Clair and Neil, holding hands for 84 miles

But Clair and Neil were also great fun to walk and talk with, taking my mind off any aches and pains that were developing. I still laugh over Neil’s impression of Ricky Gervais delivering the catchphrase from Extras, “Are you havin’ a laugh?”

We walked together until we reached Birdoswald Roman Fort, one of several museums along the Hadrian’s Wall Path. Clair and Neil stopped for a coffee, but I was most interested in whatever cold beverages were for sale in the cafe.

I bought a lemonade for immediate consumption, a bottled water for the last few miles, and a can of Coke to celebrate the end of the day’s walk. Somewhat parched, I downed half the Fentimans Victorian Lemonade before realizing it was alcoholic. When you’re thirsty, taste matters little, so I kept guzzling.
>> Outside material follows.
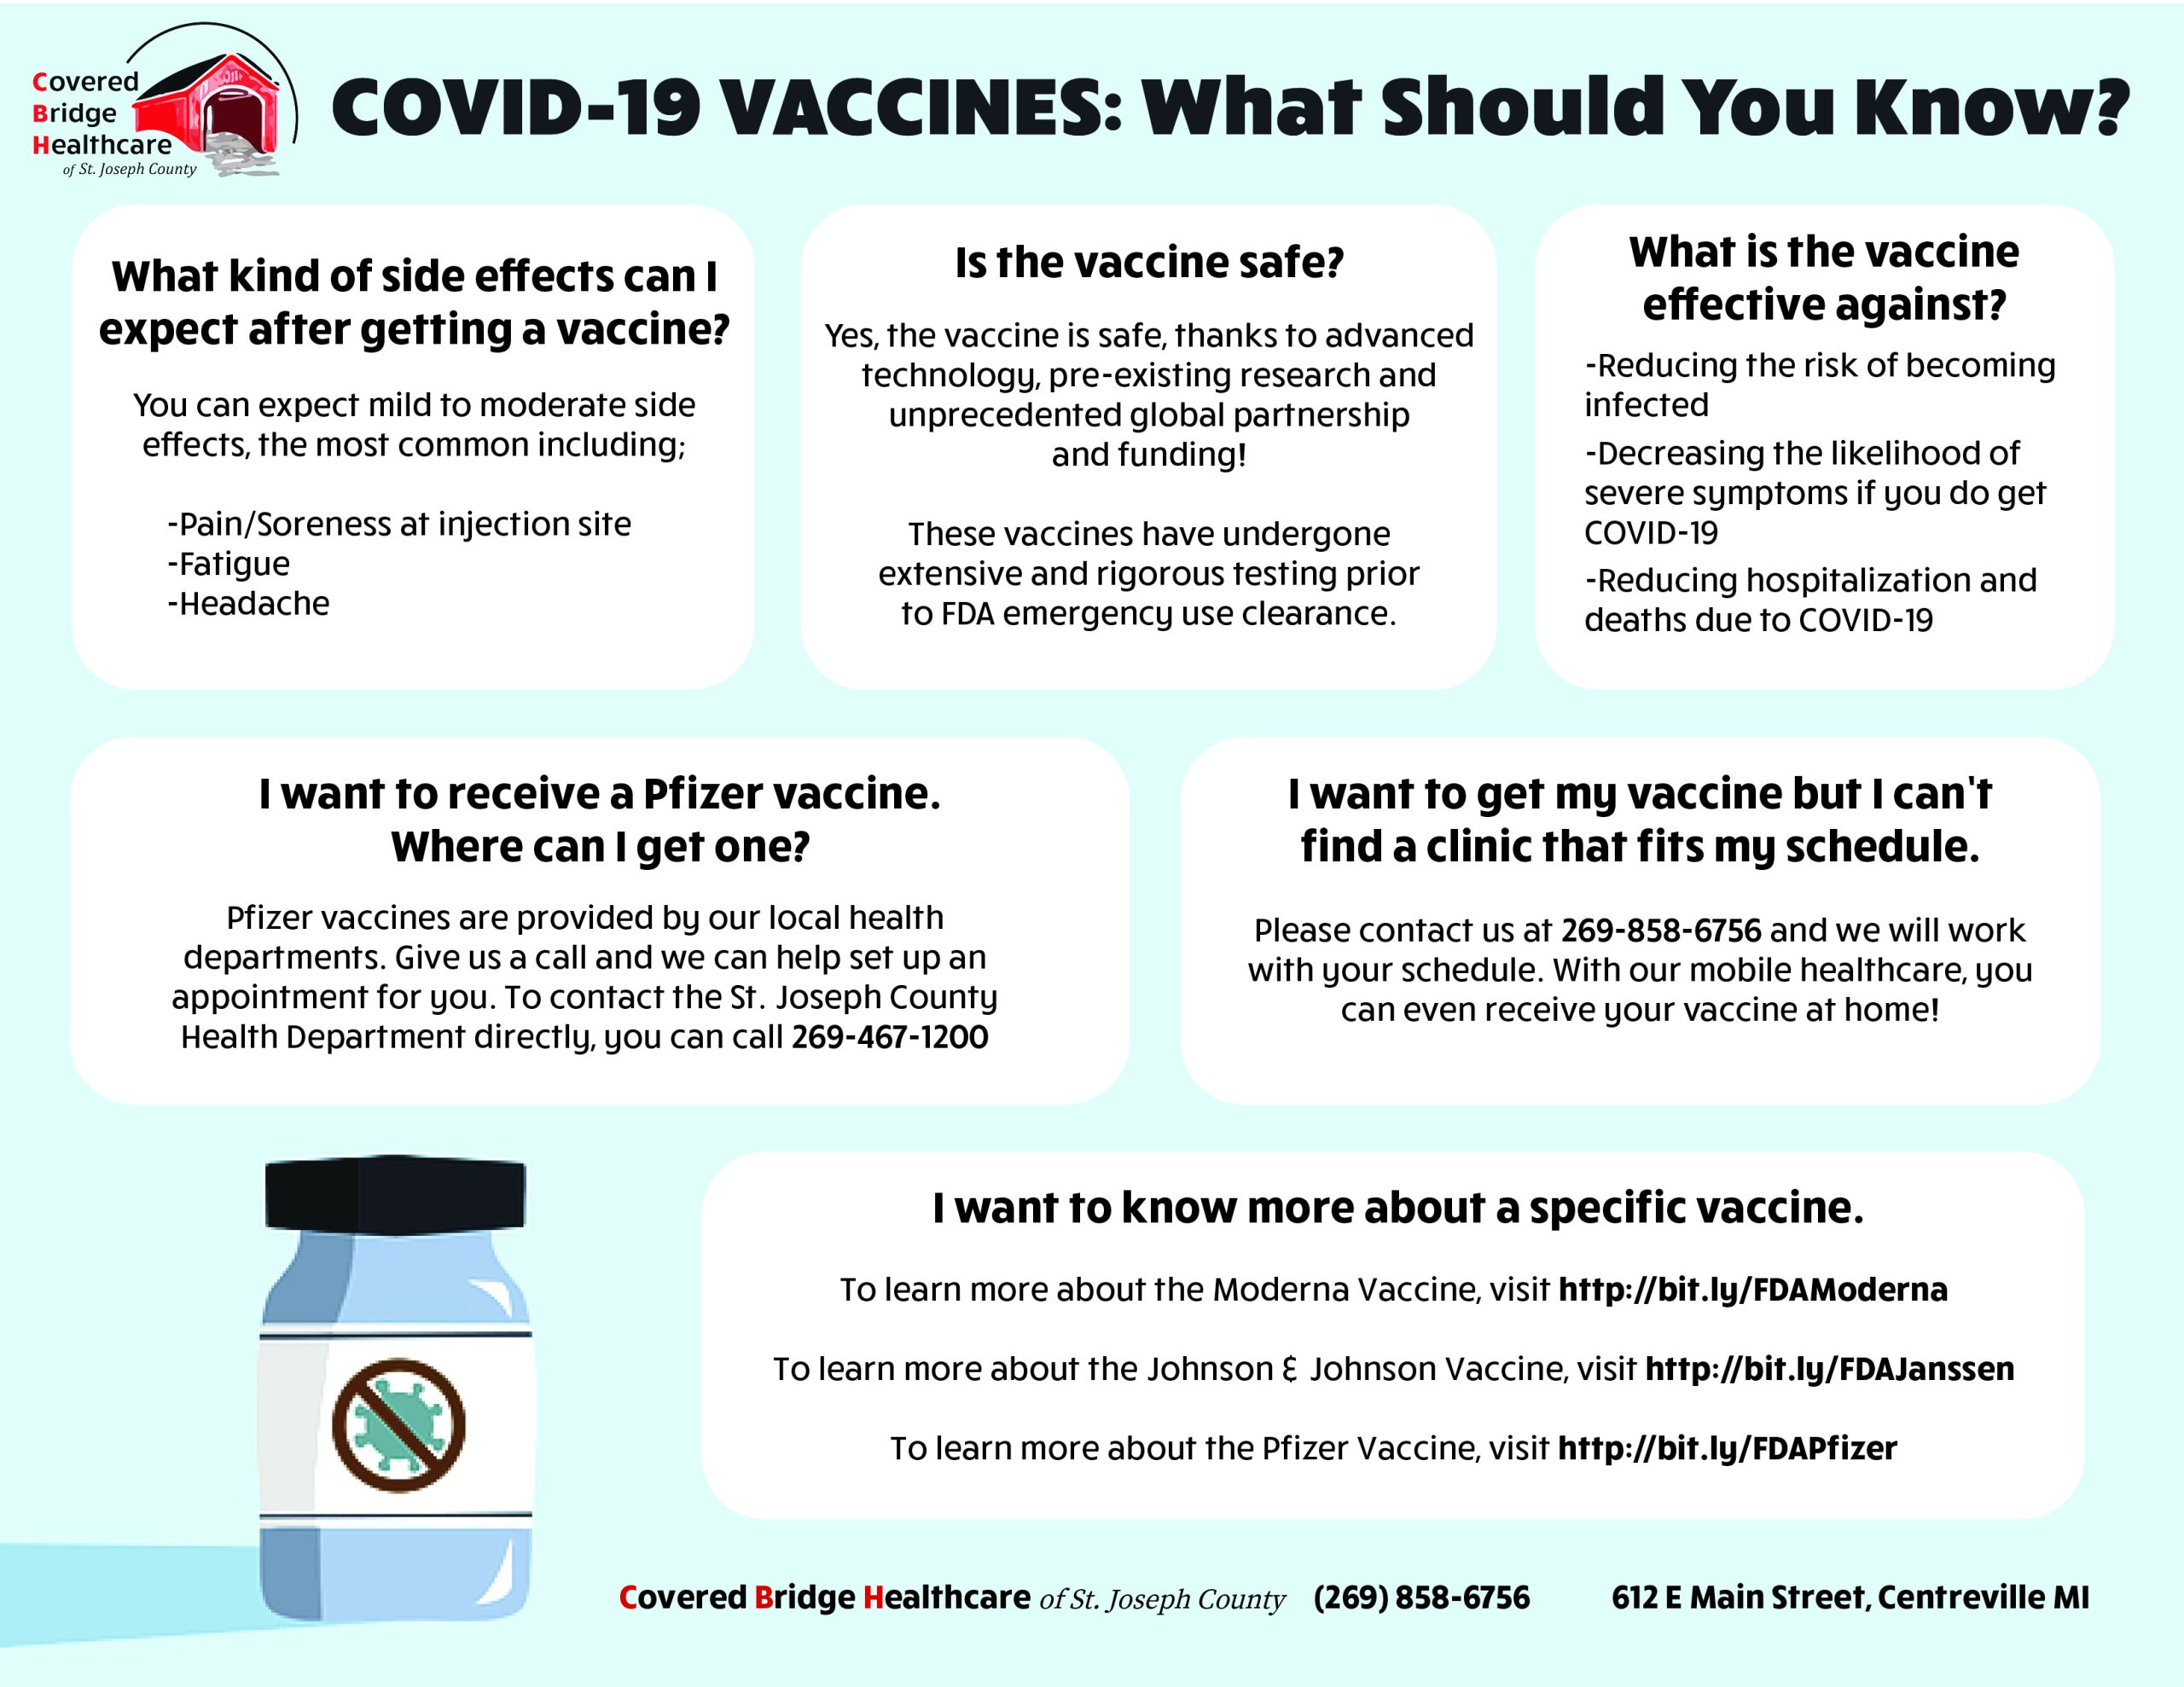 COVID Vaccine Information Graphic
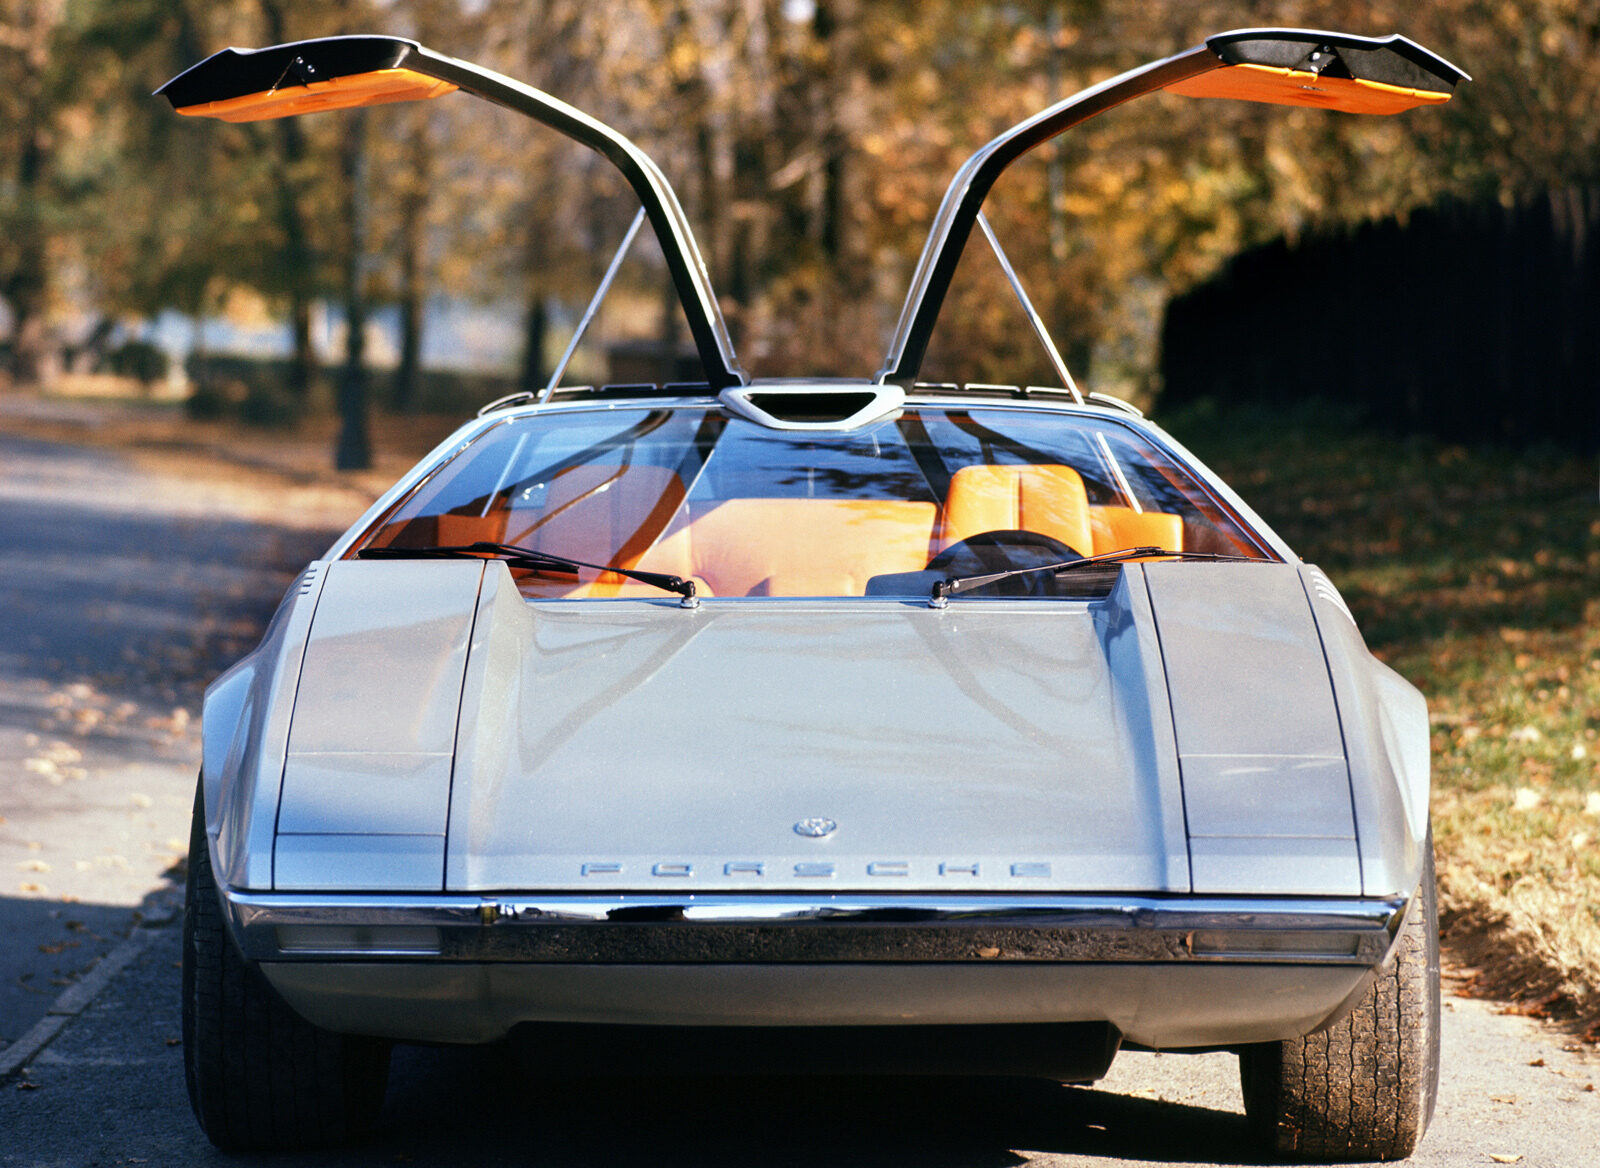 Porsche Of The Day: 1970 Porsche Tapiro Concept

That lemonade actually rejuvenated me and put a spring in my step. I pretty much bounced the rest of the way down the path. I arrived at the bus pick-up point with almost an hour to spare and parked myself on top a section of the wall. 2000 years later, it makes a good bench.

Waiting for a bus at Hadrian's Wall

Most of the group had been there for several hours and were taking naps or reading. One of the older walkers, a 64-year-old named Bill who could walk circles around anyone half his age, tried lifting my pack after I took it off. He said, “Oof, Phil, whatcha got in there? Stones from the wall!?” I knew my pack was overloaded, but he told me it was at least twice as heavy as it should be.

His secret: Bring two pairs of clothing items, then rinse the dirties out as soon as you arrive at your destination, letting them dry overnight and the next day. Also, don’t carry netbooks, neck pillows, and souvenirs.

Walkers napping along Hadrian's Wall

The bus arrived promptly at 4:30 to take us back to Greenhead Hostel, a Methodist Church built in 1886 and converted to a youth hostel in the 70’s. A very comfortable place, again with a room full of bunkbeds and snorers. I was getting used to them, and slept a little better than the previous three nights.

For dinner, we walked across the street to the pub at the Greenhead Hotel, where I think I ordered, “Give me a big plate of anything!” They brought me a deliciously cheesy lasagna with salad and chips that tasted like heaven.

Lasagna at the Greenhead Hotel

That’s the end of Day 4. If you read this horribly long-winded account, then I admire your patience. I’ll be combining Days 5 and 6 into one post because, quite honestly, there just wasn’t much to write about concerning the walk itself.

Day 4 saw the end of the classic English countryside, and of the wall itself, as we would move through the farms and suburbs near the city of Carlisle. We still had two days and 30 miles to walk, but we were leaving behind that sense of isolation and history found along the mid-section of the Hadrian’s Wall Path.

Classic English countryside

New kid on the block

Hadrian's Wall Turret

Flowers on the wall

Inside Thirlwall castle

A crumbling castle

Rajiv appears to ask for directions

A country home near Banks

Greenhead Hostel

Self-portrait on Hadrian's Wall

Coming Soon: Days 5 and 6 – All good things must come to an end.

11 thoughts on “Idaho Dad Walking – Day 4

  1. They weren’t goats Phil, they were sheep. But other than that a fantastic account!

    I’m really glad you’re doing this as it eases my guilt for not doing it myself :)

  2. The reason those sheep look like goats is they have horns. In the US, sheep do not have horns unless they are rare, and specimen sheep. Great account of your journey.

  3. Im loving all your writings and phones of your walk…… you keep mentioning the English countryside, its made me wonder just how different it is from yours…. cos I find where you live to be most beautiful…


    • I think it’s striking to me because it’s different. During our walk, I noticed that the Brit walkers didn’t seem to paying much attention to a lot of the countryside. I’ll bet it would be the reverse over here. They’d be taking pictures of everything, while I yawned.

    • Not really. Maybe on the east coast, in some of communities with history dating back to the 1600’s. By the time the West was settled, barbed wire fences were the barrier of choice.